I have a love, love HATE relationship with Facebook.
I love the fact that I can connect with old friends, keep up with new friends, see pictures of my growing nieces and nephews, and easily invite friends over for a Chilli Cookoff. I use Facebook for myself personally and for my blog.
I have been noticing more and more lately, that what used to be a social hangout for people to post ‘what’s new in their life’ status’, and connect with friends, has turned into a muddle of people complaining; fighting, posting photos of open wounds, passive aggressive behavior, posting endless political propaganda and trying to sell me stuff, ALL THE TIME!
If it wasn’t for the super cute photos of my nieces & nephews, and a great way for me to connect with my blog readers, I’d be gone!
Facebook won’t love us back – EVER
If you’re on Facebook as often as I am, you have a problem. I have a problem, most of us have a Facebook problem. I’ve already checked it 3 times writing this post and I hate myself for it! K – make that 4. I try really hard to “check myself” before I post a status. I often ask myself “why am I posting this?” ” to make people laugh? To get someone’s attention? To make someone jealous? To make fun of Taylor Swift?”
In my opinion – Here are 4 wrong motives for posting on Facebook.
1. You’re lonely
Human connectivity is as important to our overall health and well being.r. Without it, it can lead to serious depression, anxiety, social phobias and even physical health problems.
Many people use “introverted” as an excuse not to connect with other humans in person so they are using social media as their main source of connection. That’s not called being an introvert, that’s called a social disorder.
I feel more than not, that people who hate being around other people are actually struggling with a social phobia, and their disconnect will hurt them in the long run. Being an introvert is needing space to yourself to refuel, needing quiet to think and keeping your inner most self hidden from strangers, but being socially phobic is a fear of and avoidance of human connection all together.
You NEED people around you, even if you don’t like it!
Water is needed for our survival, but would you substitute it for soda? Yes some people do, and they suffer severe health consequences because of it. Facebook is an immediate quench for your loneliness but it’s not a substitute.
To combat loneliness you need face-to-face contact, human touch, and a reciprocal relationship. If you’re feeling cooped up, lonely, go out, call a friend, phone your mother, say hi to a stranger (they’re probably lonely too)
2. You need sympathy
There are severe negative consequences to chronic complaining. It’s toxic people! Seriously! It’s toxic to yourself and to those listening to it and it has got to stop.

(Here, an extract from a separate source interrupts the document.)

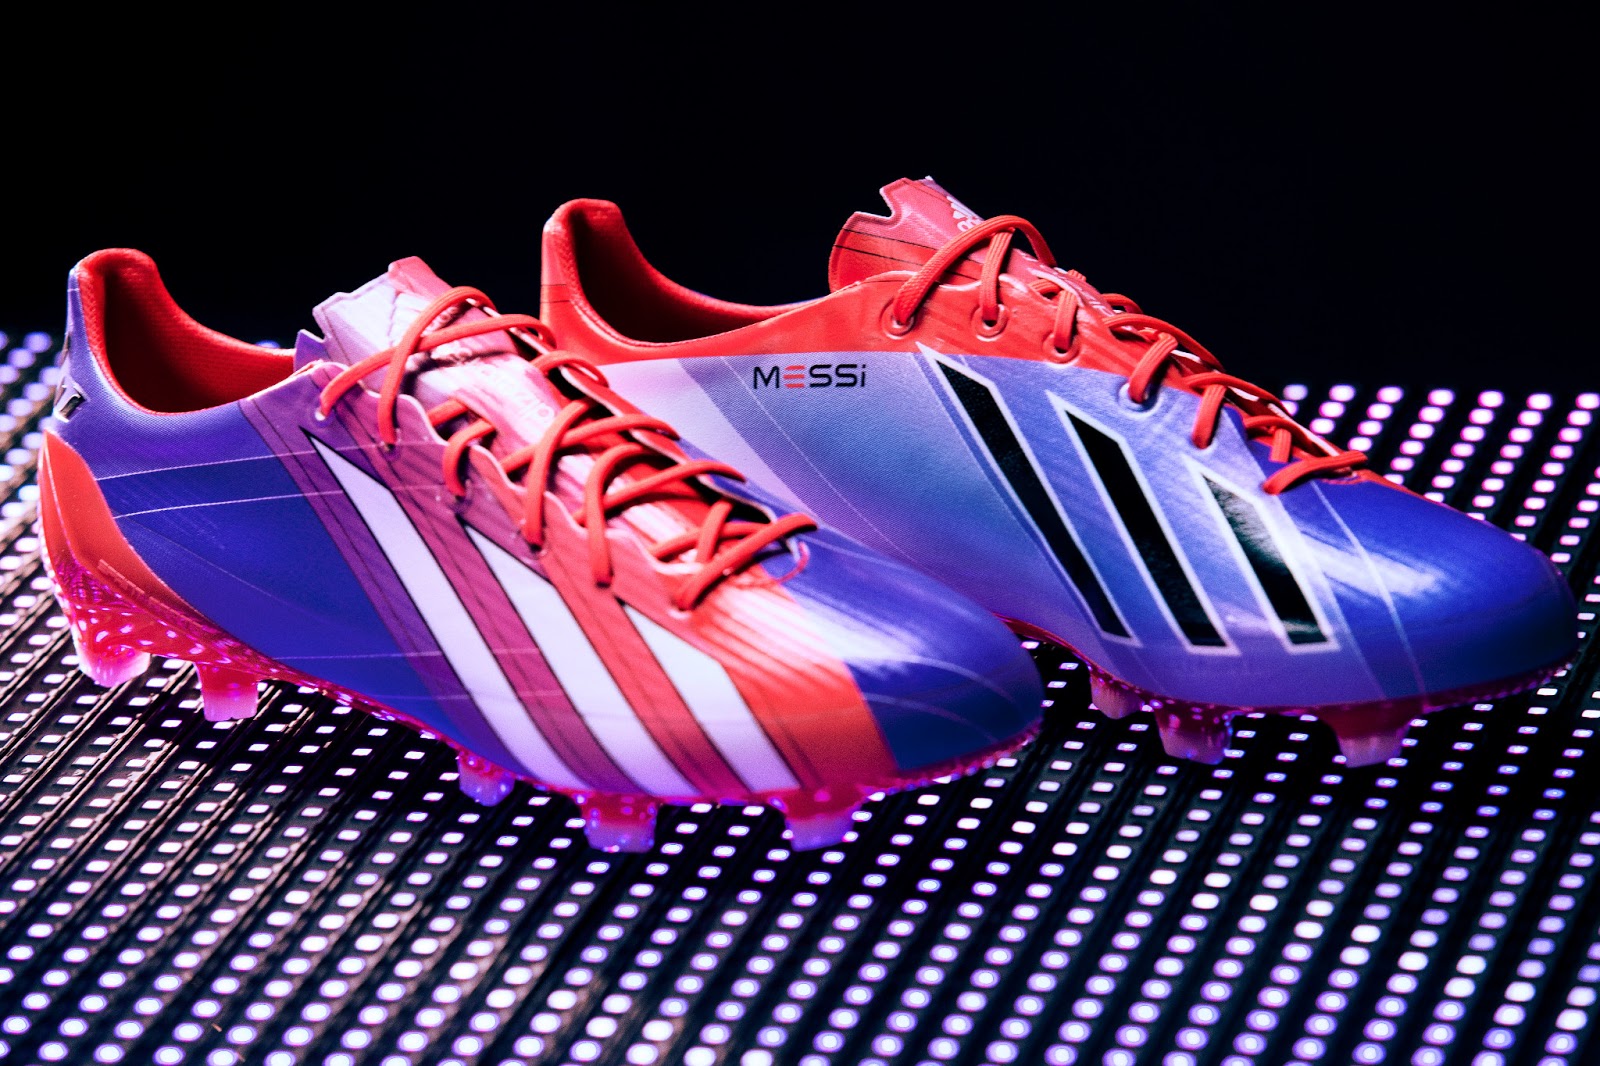 scheuren Contractie Zeemeeuw adidas AdiZero III 13/14 Messi Boot Released - Light Up The Pitch - Footy  Headlines

Facebook is like a magnet to chronic complainers.
I love Facebook for the fact that if I have an injury, or am having a horrible day I can put out a post for prayers and receive some encouragement right away. I get that, it’s a powerful tool! and I have used it a lot!
What I am talking about is the day-to-day complaining about things we ALL go through. Like being tired, or hungry, or having to pee.
I try to remind myself that when I post a complaint, I am asking my past university professor, magazine editor, or neighbour, for their immediate sympathy for my human condition.
Who’s sympathy are you asking for?
3. You’re mad at someone
It is so NOT COOL when someone posts a “my spouse is a dweeb” post or vaguely posts a passive aggressive status to get a jab in.
You know how when you’re mad at someone, so work up a case in your mind against them and then the minute you see them again, your heart instantly softens? That’s called human connection.
I have so been guilty of stewing in my brain, ready to cut that person off forever! Then I see that person face-to-face and I remember how awesome they are and I feel so bad that I was ever mad at them to begin with. When you post it on Facebook, you can’t take it back.
4. You feel bad about yourself
Ever have days where you feel like you are the fattest, ugliest person in the world?! I do!
Where do you turn when you feel that way? A friend, your spouse, your bible or to Facebook?
I love a good selfie, because No ONE in my family EVER takes photos of ME! Every Christmas, birthday or holiday it’s me behind the camera. 100 years down the road there will be no photo evidence that I even existed. This is a fate for many mothers.
Why are you posting an unrealistically angled photo of you all photoshopped? Or one of you leaning over so I can see down your shirt? Is it because you’re 15, or is it because you feel bad about yourself? Posting photos or making status updates to get attention is fine, because we wouldn’t be doing it at all if we didn’t expect a like or two. However, don’t do it because you need an ego boost or you’re in need of approval. Find your approval within yourself, ask God what His heart is for you when you feel that way, be around uplifting people and save your “sexy selfies” for your man.